Today's social dynamic and the attendant pressures on our military customs and traditions easily can steal center stage from the more wholesome aspects of time-honored rites of passage. Last September's Navy-wide Chiefs Initiation and Ceremony offers an interesting case in point. The ceremony—unique to the Navy—has special significance beyond just donning khakis and fouled anchors. The newest echelon of chief petty officers is charged with providing the vital leadership connection between officers and enlisted.
On one hand are those who argue adamantly against any change to the existing ceremony, however slight. On the other hand are those who feel the need to change a word in every verse of every old Navy song. Somewhere in the middle are the young commanding officers and command master chiefs who must execute the ceremony in the midst of adaptive guidance. Those above them in the chain of command are careful to provide sufficient latitude for interpretation and those below them are quick to grumble about "how it used to be." Ordering a true course for last year's ceremony was difficult. There was no lack of guidance, but it was interpreted and reinterpreted—right up to the 11th hour. A new interpretation was delivered by fax less than 48 hours prior to our ceremony and was received only because the right command representative happened to be in the right place to obtain it. This caused some last-minute scrambling to ensure that ceremonies were traditional, yet professional. After all, no command seeks the exposure of CNN, let alone a dozen or so of prime time's feared "60 Minutes."
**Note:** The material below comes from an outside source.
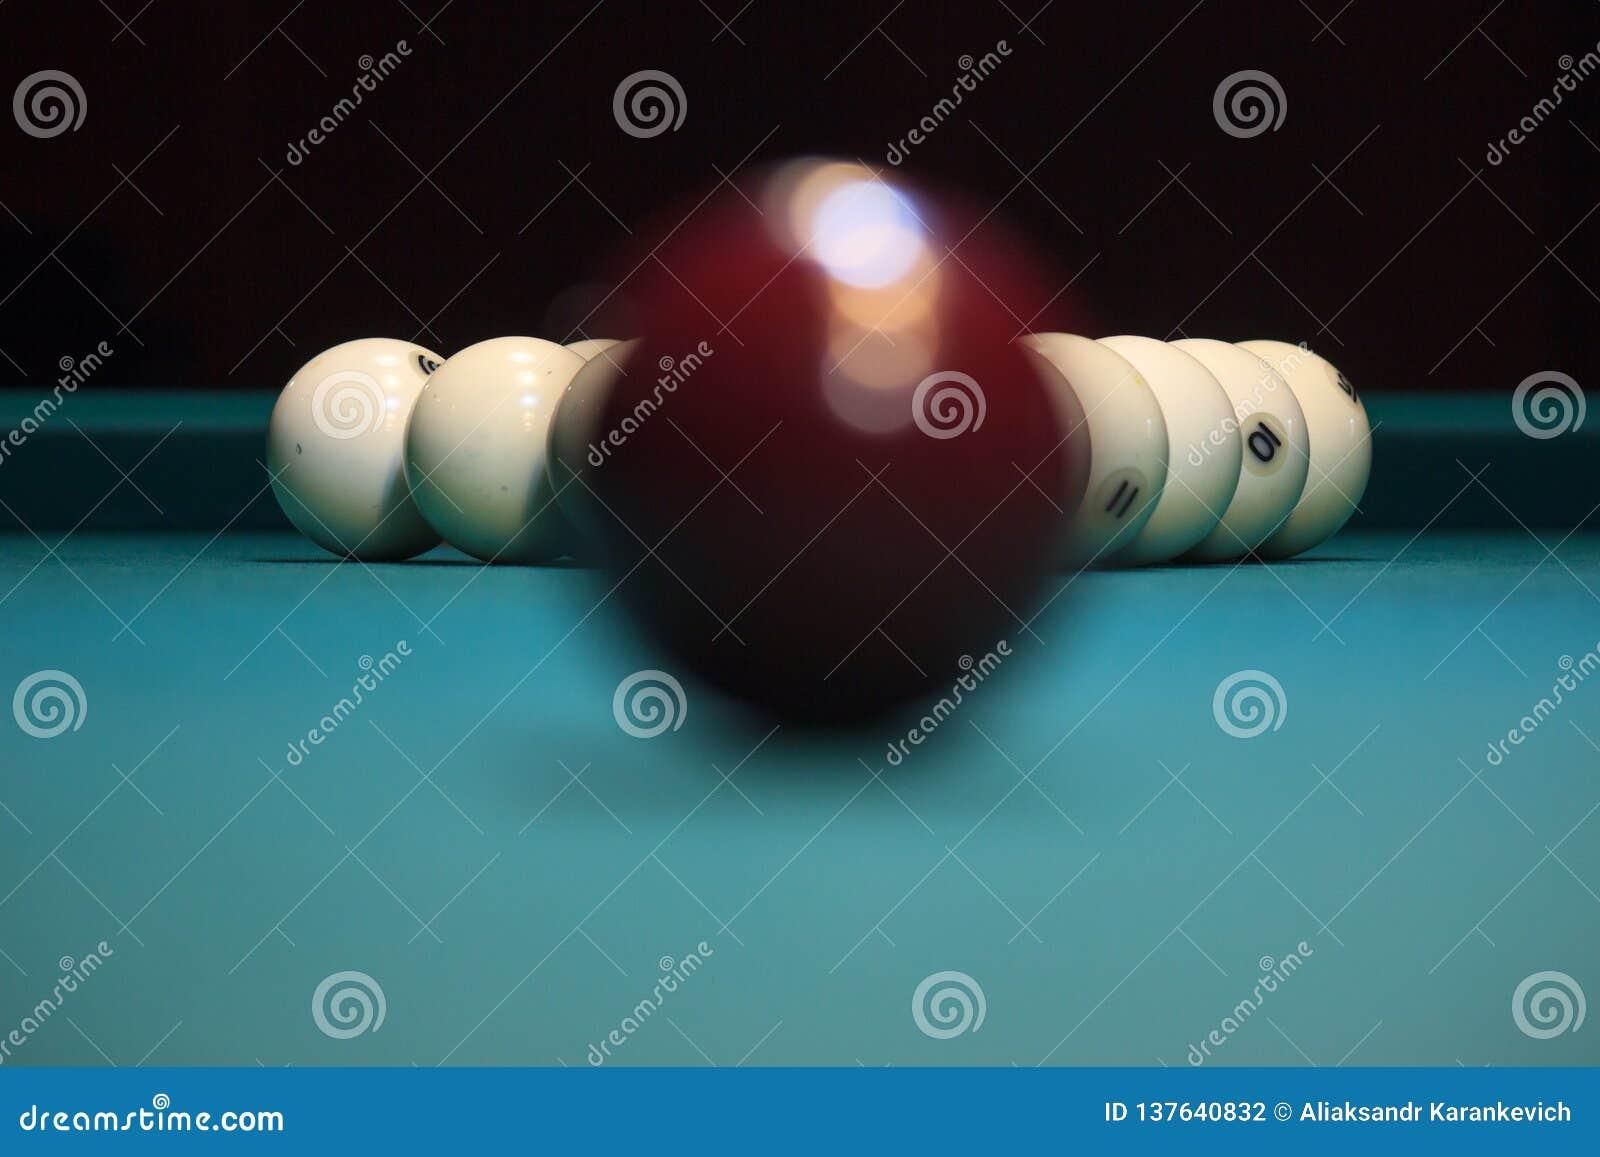 Bola marrón que miente en una mesa de billar verde el tiempo antes del juego la reflexión de la lámpara en el cuenco

Adapting to the changes induced by social pressures while trying to maintain the finest traditions of more than two centuries of service is a balancing act that the Navy has struggled with—and won—over time. For example, since the 1970s the Navy has weathered the turbulence of racial integration, drug abuse, and gender integration. Although problems in all three areas remain, they have become fewer and less major with time. In fact, we have reached the point where most people agree that the Navy has been successful with these challenges. Consider that Senator Barbara Boxer (D-CA) was the praise-bringing keynote speaker at the commissioning of the USS Hopper (DDG-70), a gender-integrated warship named for the late Rear Admiral Grace Hopper. Facing all these challenges, the Navy has responded with internally motivated revisions to leadership style and training. The relatively recent and revamped "Leadership Continuum" is the latest of these sincere efforts at addressing the challenges head-on, with top-down concern.
Most ringside critics should put their money on the downsized Navy to succeed with the latest challenge—interpreting what is and what is not hazing, and how it relates to traditional rites of passage. The traditional rite of passage for a chief petty officer has undergone change, and those who are smart will adapt rather than complain, adjust rather than resist, and Navy life will endure. During the period of adaptation and adjustment, there are bound to be controversies and questions about various interpretations, but they, too, will pass and fade with patience and pride.
Such patience and pride was never conveyed more clearly and concisely than by the radiantly proud parents of a chief petty officer selectee who had traveled far from the cornfields of Iowa to attend their son's pinning ceremony. The distance and time had taken this farming father, himself a retired sailor, from the pressing responsibilities of raising crops in these challenging agri-economic times during a critical period in the growing season. Yet, with a pause, a proud glance at his khaki-clad and beaming "spittin image" son, the father slowly cracked a measured Midwestern smile on his weather-worn face and said, "The crops can wait for this."
Somehow, the concern over whether or not every little detail of active command-level involvement in the ceremony process was error-free and politically correct no longer mattered. The center stage of the ceremony had not been stolen by concern over proper execution, but rather by a proud father who said what most people cannot say—and what others obtain degrees in national security to express. In that one simple statement, he clarified any remaining confusion in the various interpretations of existing ceremonial guidance. Yes, the crops can wait for this.
The Navy exists for the nation—and as long as disciplined, hardworking families are willing to send their sons and daughters off to serve, and as long as the Navy provides opportunities for recognition of their achievements—then the value, the vibrancy, and the vitality of our Navy and the nation remain secure. Even while our Navy is continuously on watch in faraway oceans, upholding our freedom, there are many who hasten to judge harshly the Navy during its adaptation to changes in tradition. There are others who are quick with hidden video and poison pen. They all should have the same patience with and pride in Navy—as the weather-worn endurance of a farmer standing in his field.
Commander Rosenlof was the commanding officer of the Leftwich (DD-984), and is assigned to the staff of Commander, Carrier Group Six.